Foundation models support the following parameters to control randomness and diversity in the 
response.

**Temperature** – Large language models use probability to construct the words in a sequence. For any 
given next word, there is a probability distribution of options for the next word in the sequence. When 
you set the temperature closer to zero, the model tends to select the higher-probability words. When 
you set the temperature further away from zero, the model may select a lower-probability word.

In technical terms, the temperature modulates the probability density function for the next tokens, 
implementing the temperature sampling technique. This parameter can deepen or flatten the density 
function curve. A lower value results in a steeper curve with more deterministic responses, and a higher 
value results in a flatter curve with more random responses.

**Top K** – Temperature defines the probability distribution of potential words, and Top K defines the cut 
off where the model no longer selects the words. For example, if K=50, the model selects from 50 of the 
most probable words that could be next in a given sequence. This reduces the probability that an unusual 
word gets selected next in a sequence.
In technical terms, Top K is the number of the highest-probability vocabulary tokens to keep for Top-
K-filtering - This limits the distribution of probable tokens, so the model chooses one of the highest-
probability tokens.

**Top P** – Top P defines a cut off based on the sum of probabilities of the potential choices. If you set Top 
P below 1.0, the model considers the most probable options and ignores less probable ones.
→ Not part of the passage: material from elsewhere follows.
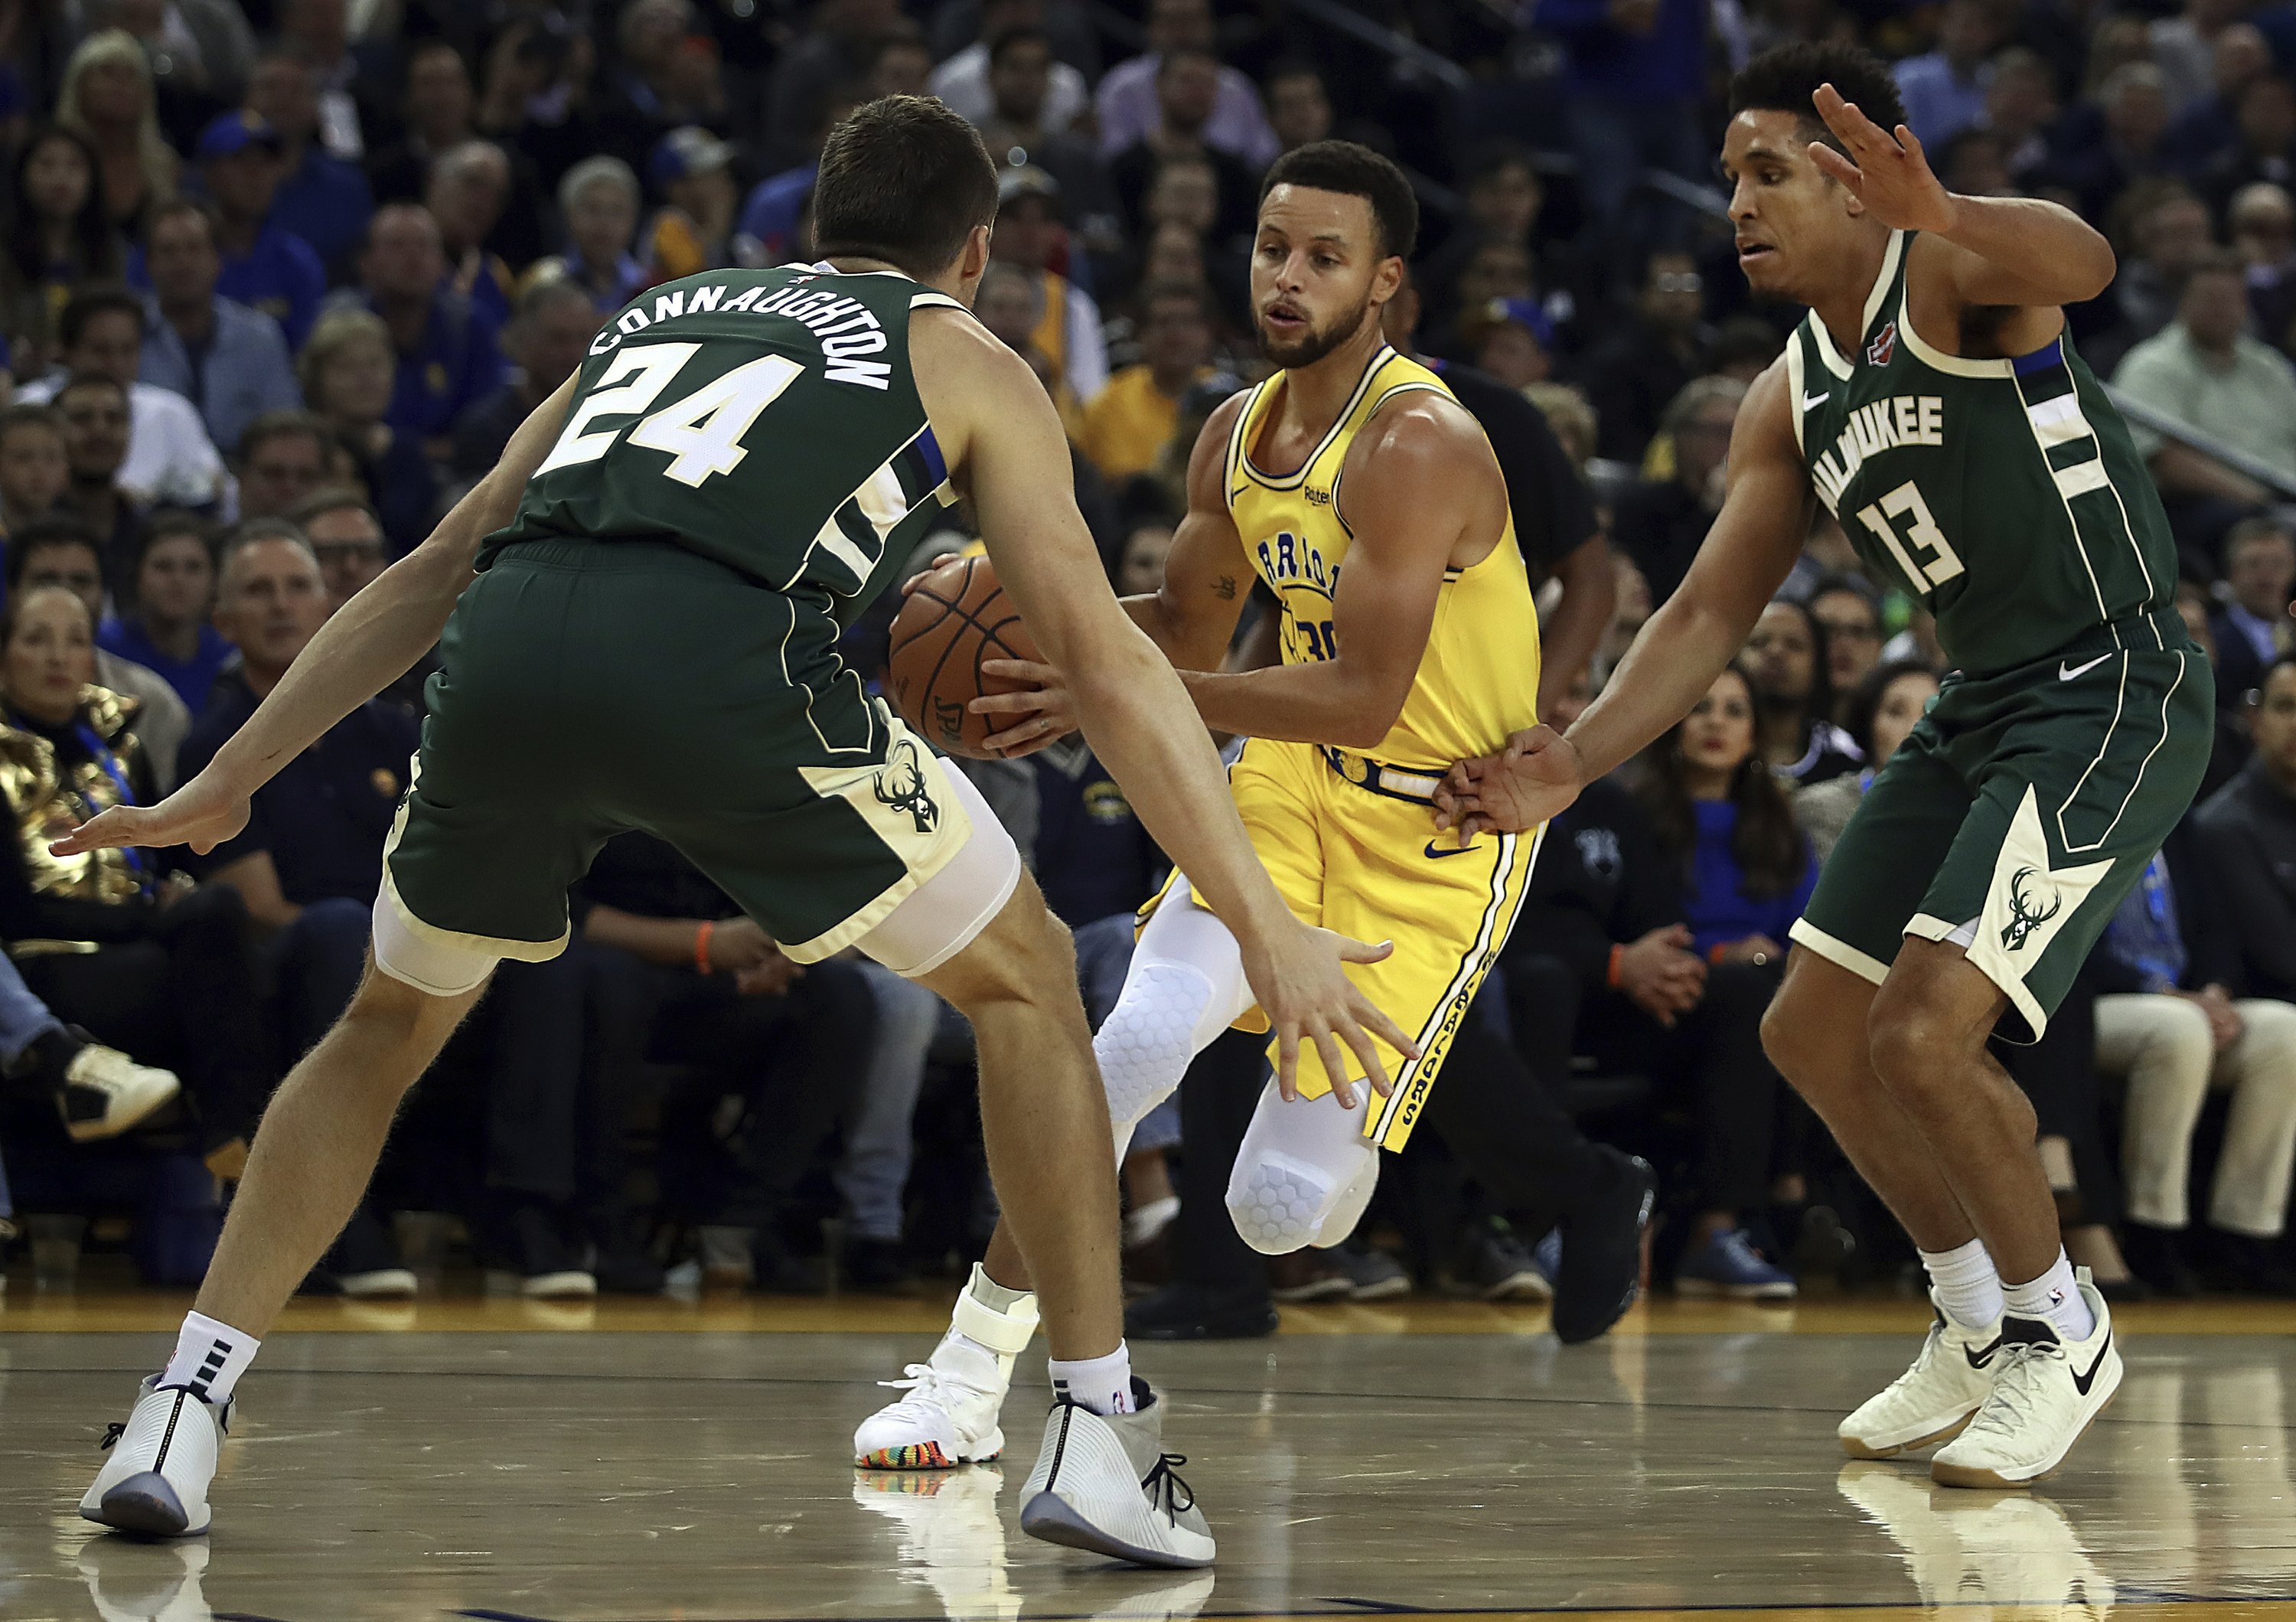 Top scorers face off in Milwaukee-Golden State matchup Thursday

Top P is 
similar to Top K, but instead of capping the number of choices, it caps choices based on the sum of their 
probabilities.
For the example prompt "I hear the hoof beats of ," you may want the model to provide "horses," 
"zebras" or "unicorns" as the next word. If you set the temperature to its maximum, without capping 
Top K or Top P, you increase the probability of getting unusual results such as "unicorns." If you set the 
temperature to 0, you increase the probability of "horses." If you set a high temperature and set Top K or 
Top P to the maximum, you increase the probability of "horses" or "zebras," and decrease the probability 
of "unicorns."

### Length

The following parameters control the length of the generated response.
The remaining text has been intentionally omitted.